Сашка заехал за мной с самого утра, а накануне вечером мы снова сидели с Викой у меня, я опять делала ей педикюр. Я вообще делаю его ей как можно чаще. Считаю её ножки произведением искусства, обожаю к ним прикасаться, только не целую. Я люблю их по настоящему, даже больше, чем свои. Невероятно, но я даже признаю, что её ноги красивее моих. Я не много в чём могу вот так признаться. А её «розочка» и её «лепесточки» (я случайно видела один, когда она переодевалась, и до сих пор не могу забыть этот нежный розовый цвет — такой невинный и мягкий)! Я даже губу тогда закусила — так мне захотелось почувствовать их аромат! Но я сдержалась, я уже привыкла сдерживаться. Я даже привыкла к этим дурацким разговорам о парнях. Видите ли, мой Сашка идеальный, и ей в жизни такого не найти!
«Дура! Ты — идеал, ты — совершенство, ты — всё, о чём можно только мечтать!» — хочется мне ей сказать и поцеловать. Но приходится это всё в себе держать. Вот так и живу, не в силах никому рассказать о своих чувствах.
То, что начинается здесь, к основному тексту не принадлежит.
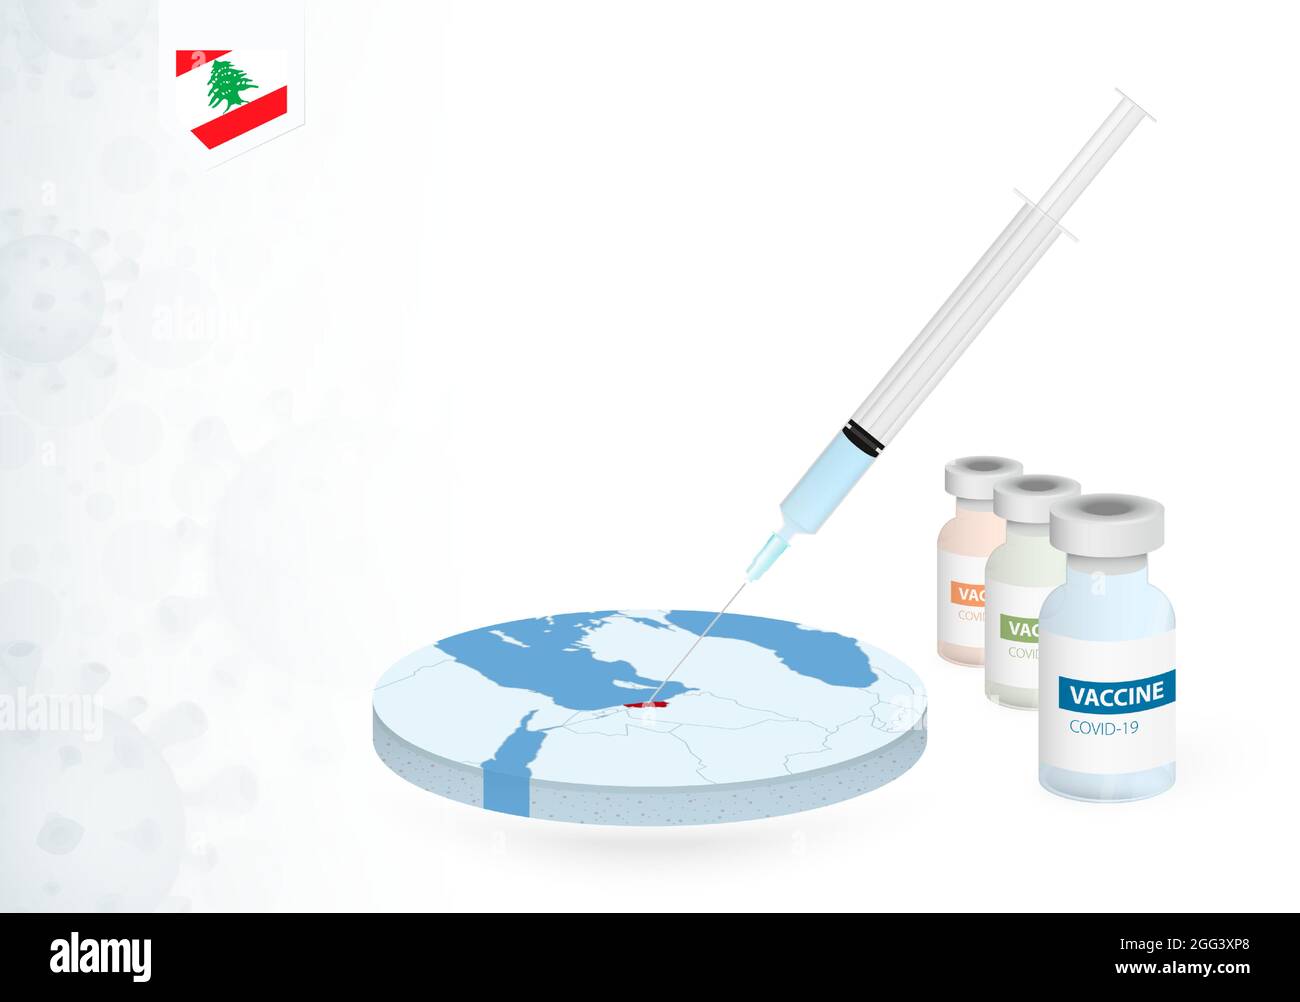 Vaccination au Liban avec différents types de vaccin COVID-19. Сoncept avec l'injection de vaccin dans la carte du Liban. Illustration vectorielle. Illustration de Vecteur

Всю ночь до самого утра мы переписывались, а перед самым рассветом я немного вздремнула, и тут Сашка звонит.
Беру трубку и сквозь сон бормочу:
— Заходи. — Снова кладу трубку и проваливаюсь в сон. В следующий раз я просыпаюсь, когда он уже на кровати сидит и за ногу меня тормошит.
— Просыпайся, любимая.
— А может, никуда не поедем. — Я нежно смотрю на него. Как парень он, конечно, ничего, но всё-таки жаль, что он не девушка.
— Как не поедем? Мы же договаривались! — Сашка сдвигает брови. Он такой забавный и милый в этой позе! Мне так и хочется его обнять, пожалеть и признаться, что я его больше не люблю. Но он всё неправильно поймёт. Решит, что у меня есть другой. А у меня другая. Хотя пока у меня никого — вообще никого, только Сашка.
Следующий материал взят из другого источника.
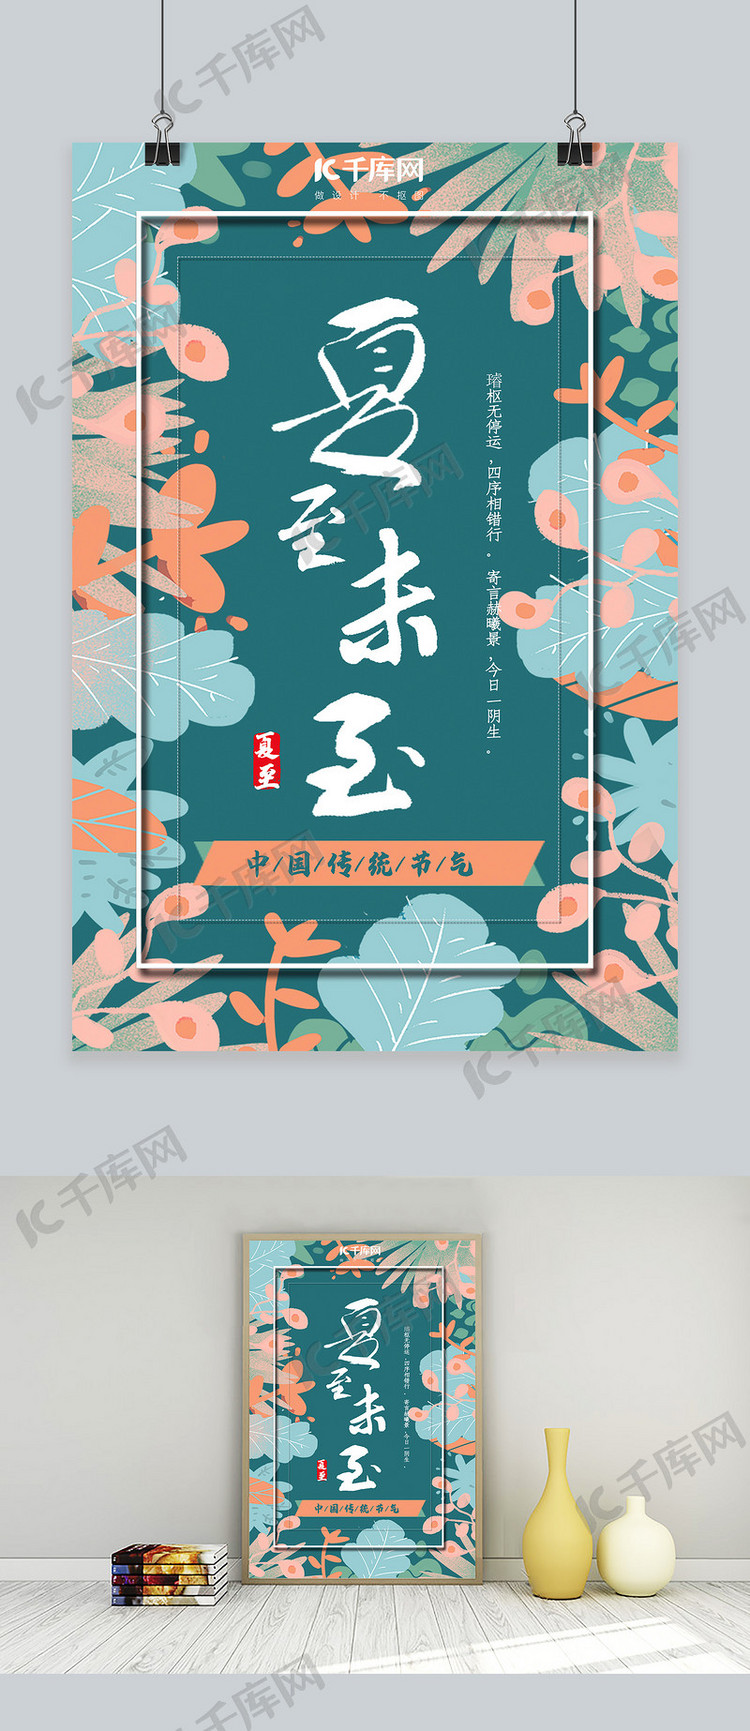 文艺清新中国传统节气夏至节气宣传海报

Я сонная выползаю из-под одеяла и начинаю краситься. Не накрашенная я с ним никуда не поеду. Он ждёт, он терпеливо меня ждёт. Наконец, я готова. Мы спускаемся вниз, и я сажусь на пассажирское сиденье его белой «Шевроле Эпики». Отличная тачка, не хуже «Мерседеса».
— Ты на мои сообщения почти не отвечаешь? — Он включает зажигание и начинает очередной неприятный разговор.
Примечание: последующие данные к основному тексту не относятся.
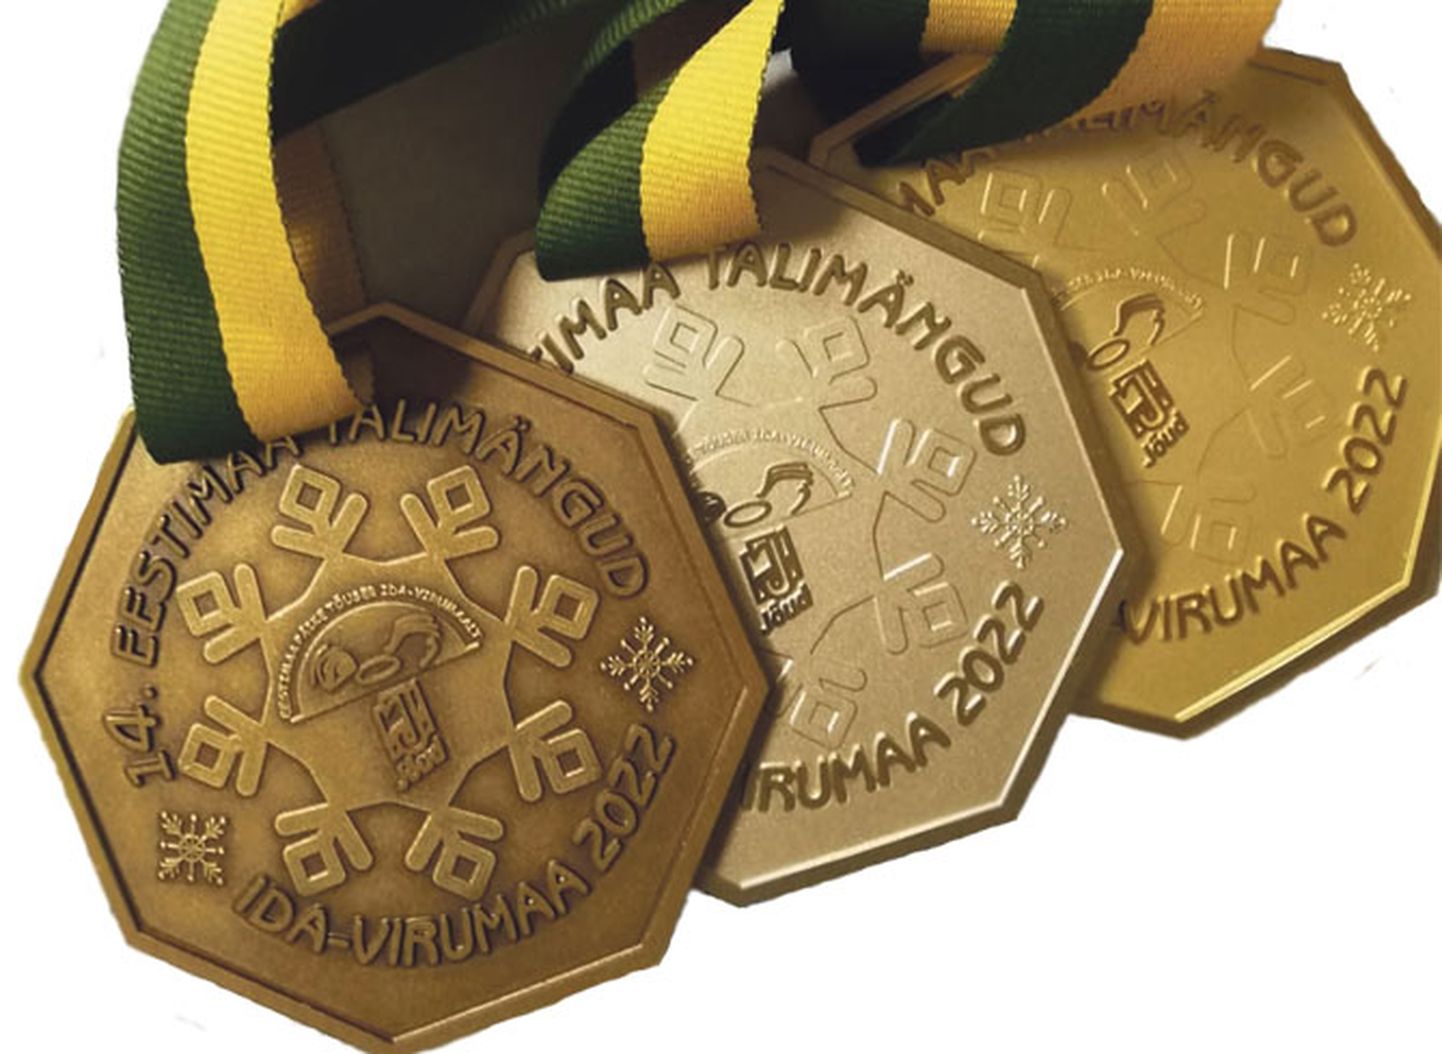 Sellised medalid saavad kaela Eestimaa talimängude parimad.

— Я тогда занята была, — невинно улыбаюсь я. «А что тебе отвечать, если ты каждый раз пишешь одно и то же?»
— Да я не про тот раз, я вообще.
— А-а-а, вообще… Когда есть время, всегда отвечаю.
— Раньше оно у тебя находилось.
«Раньше Вики не было, а теперь есть», — думаю я, и тут пиликает телефон. Беру — Вика. У меня чуть сердце из груди не выскочило. Читаю:
«Проснулась? С добрым утром тебя, моя ласточка! Хорошей вам с Сашкой дороги!» От таких слов у меня внутри всё сжимается. Что же ей ответить?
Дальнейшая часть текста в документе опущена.